START EXERCISE DATA

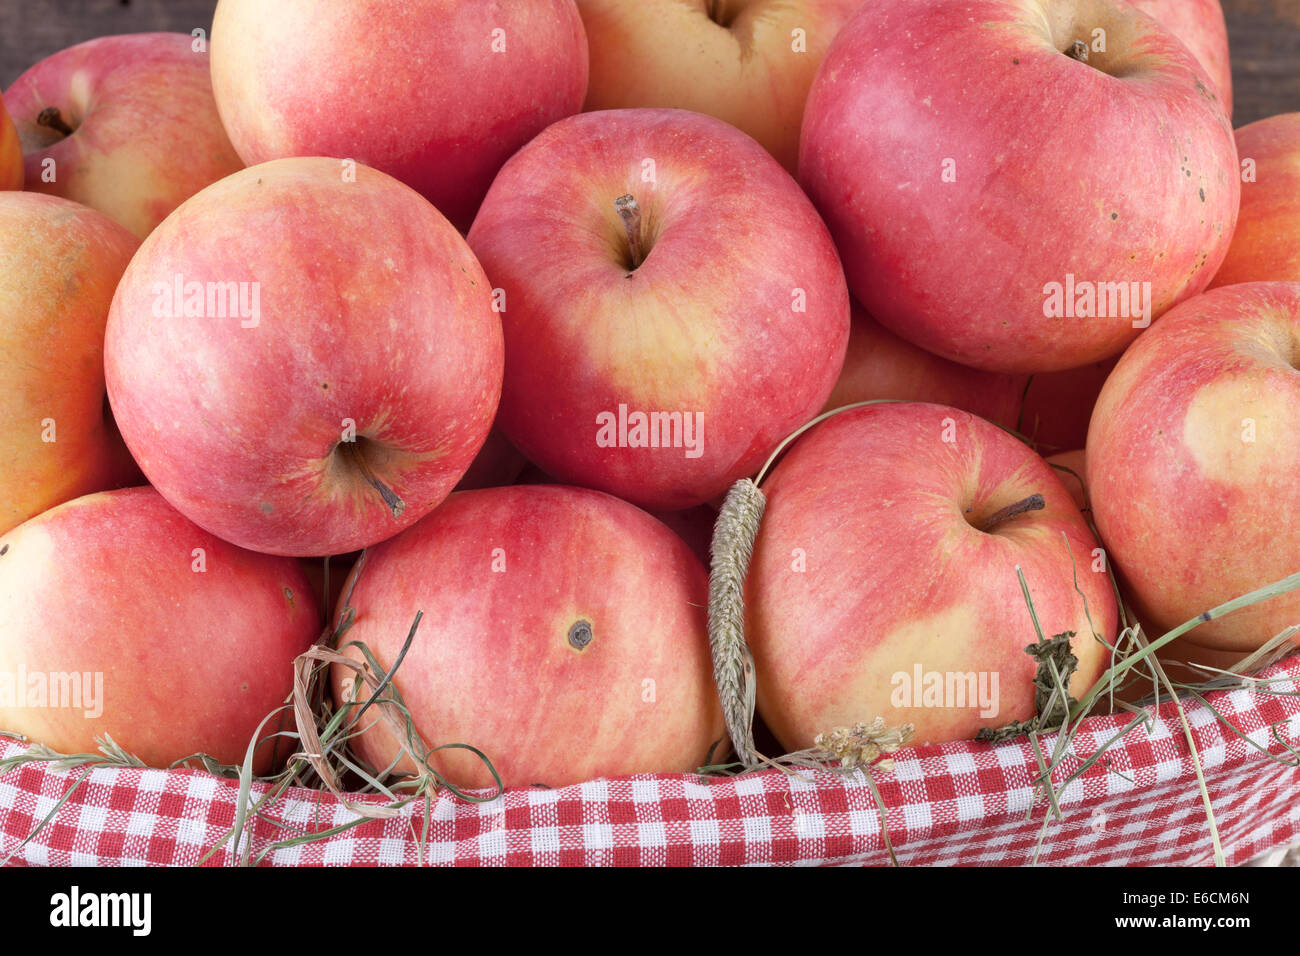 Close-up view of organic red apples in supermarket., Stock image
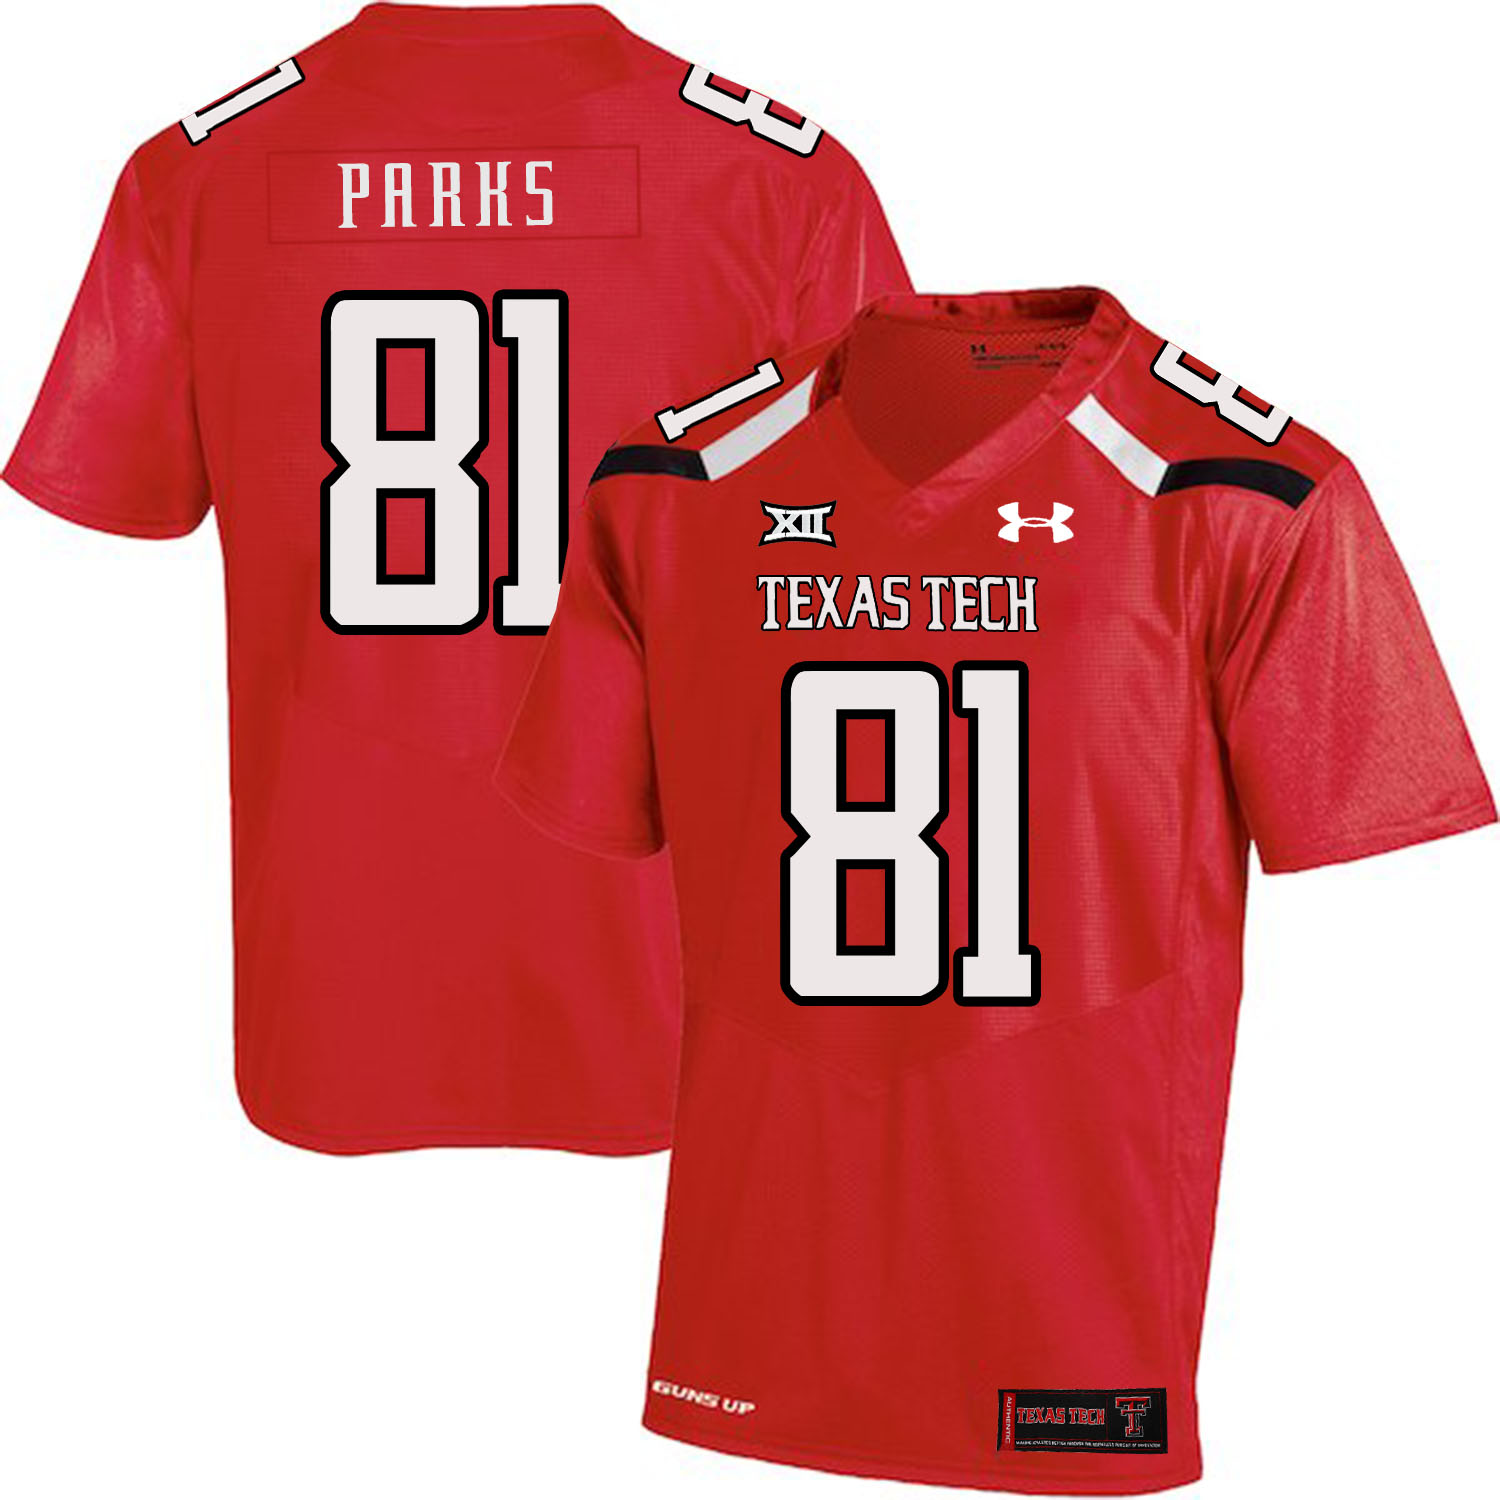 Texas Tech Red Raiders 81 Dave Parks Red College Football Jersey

END EXERCISE DATA
START EXERCISE DATA

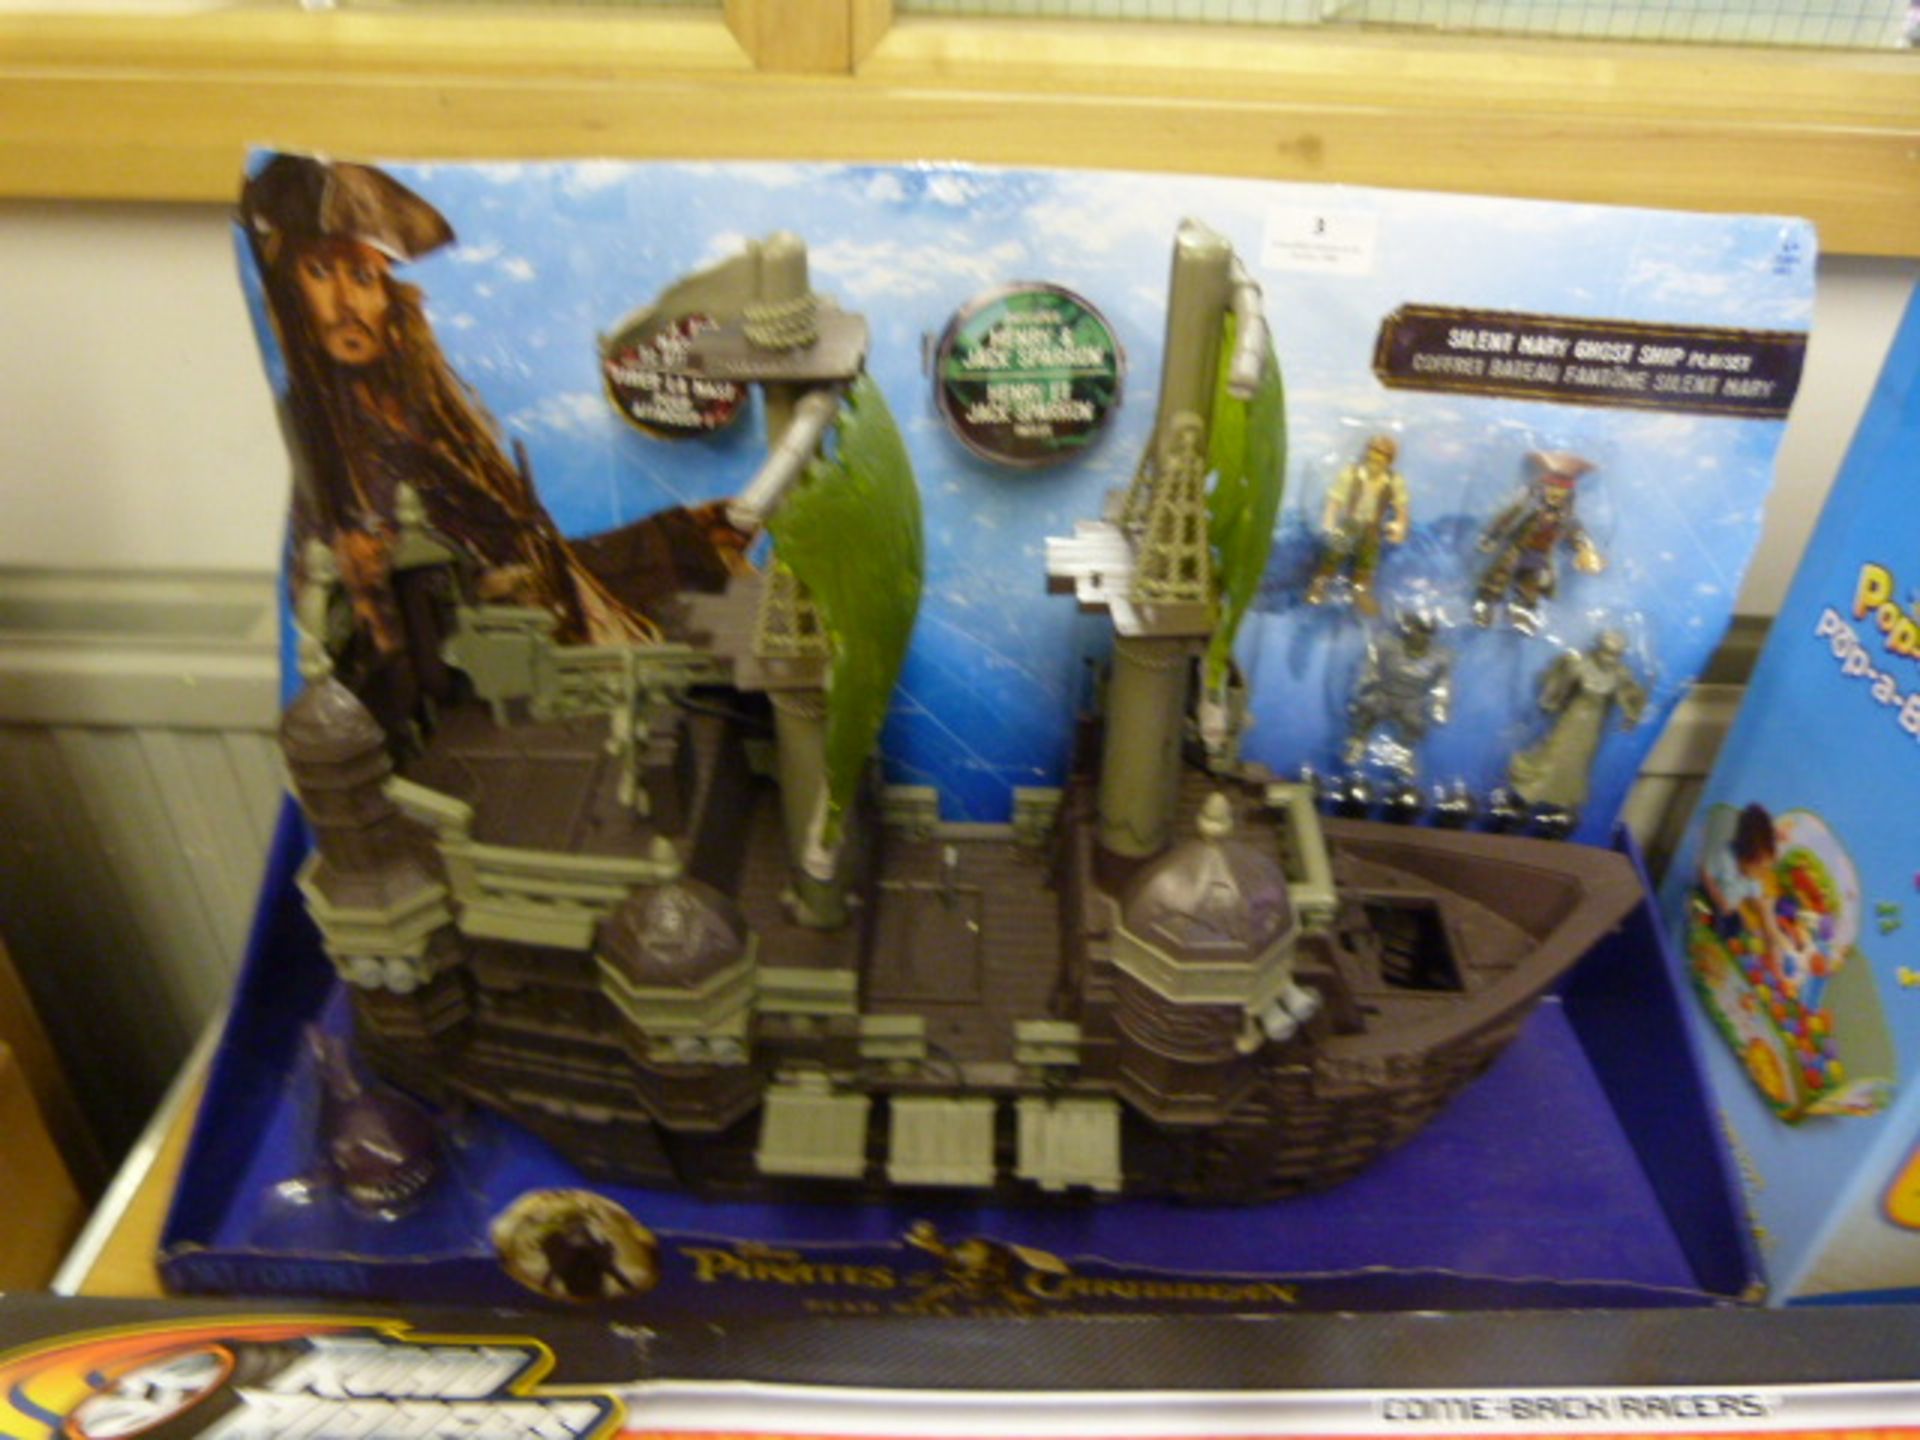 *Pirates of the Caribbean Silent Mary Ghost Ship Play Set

END EXERCISE DATA
START EXERCISE DATA

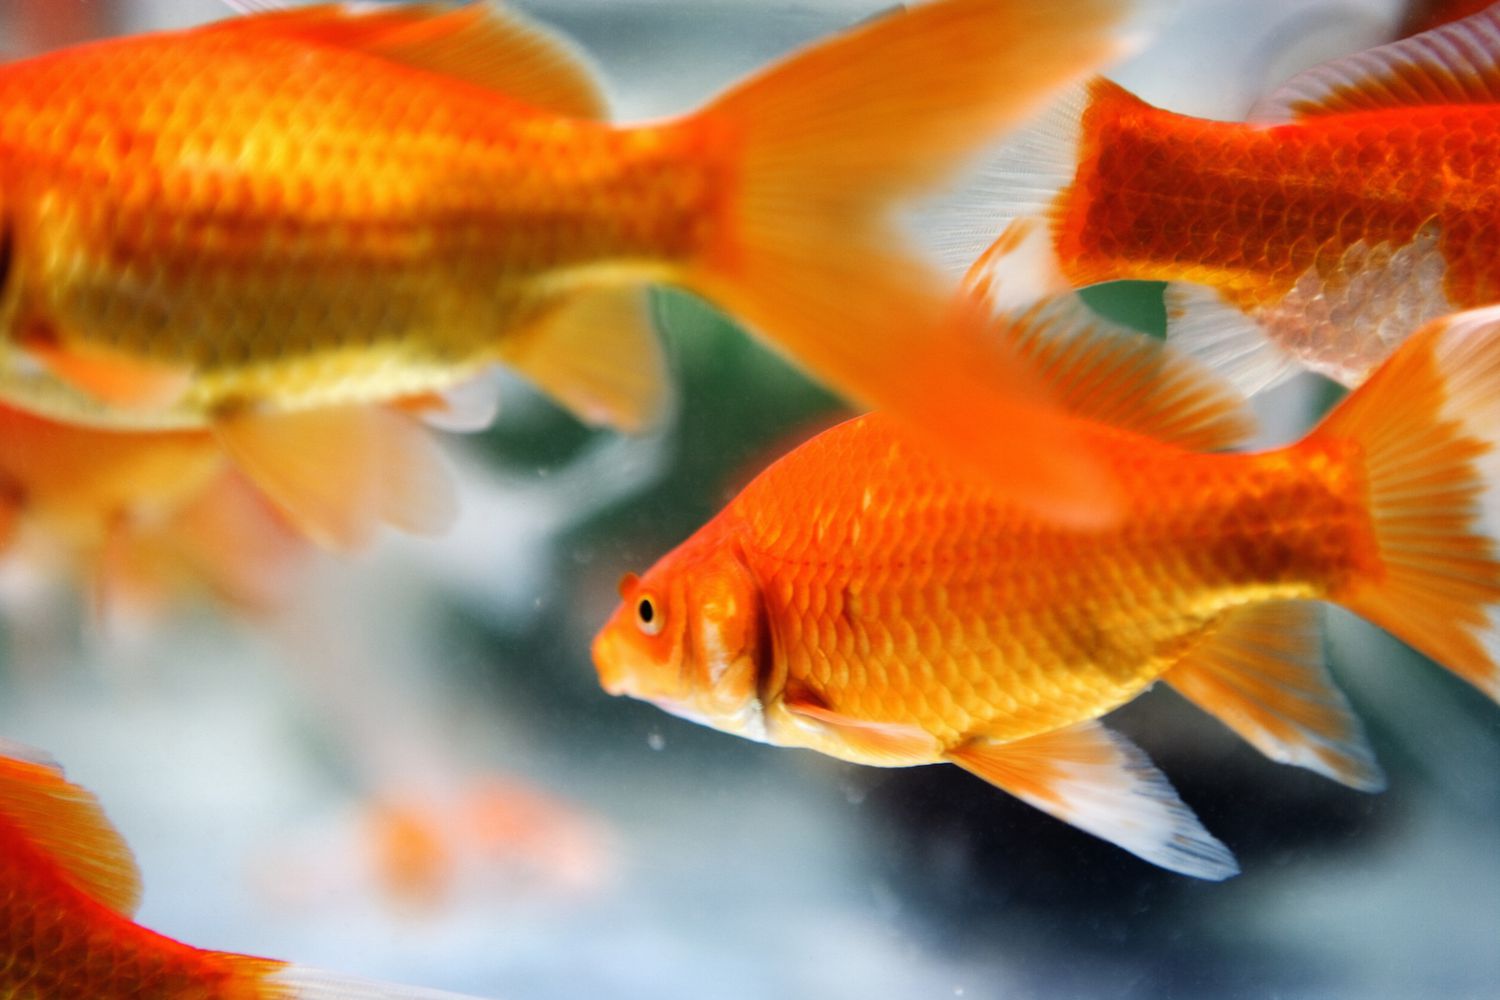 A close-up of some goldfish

END EXERCISE DATA

## AIM OF THE EXERCISE
Output only the lines above from the one containing "Close-up view of" to the one containing "Texas Tech Red", both included, exactly as written and with no pictures.

## SOLUTION TO THIS EXERCISE
 Close-up view of organic red apples in supermarket., Stock image
 Texas Tech Red Raiders 81 Dave Parks Red College Football Jersey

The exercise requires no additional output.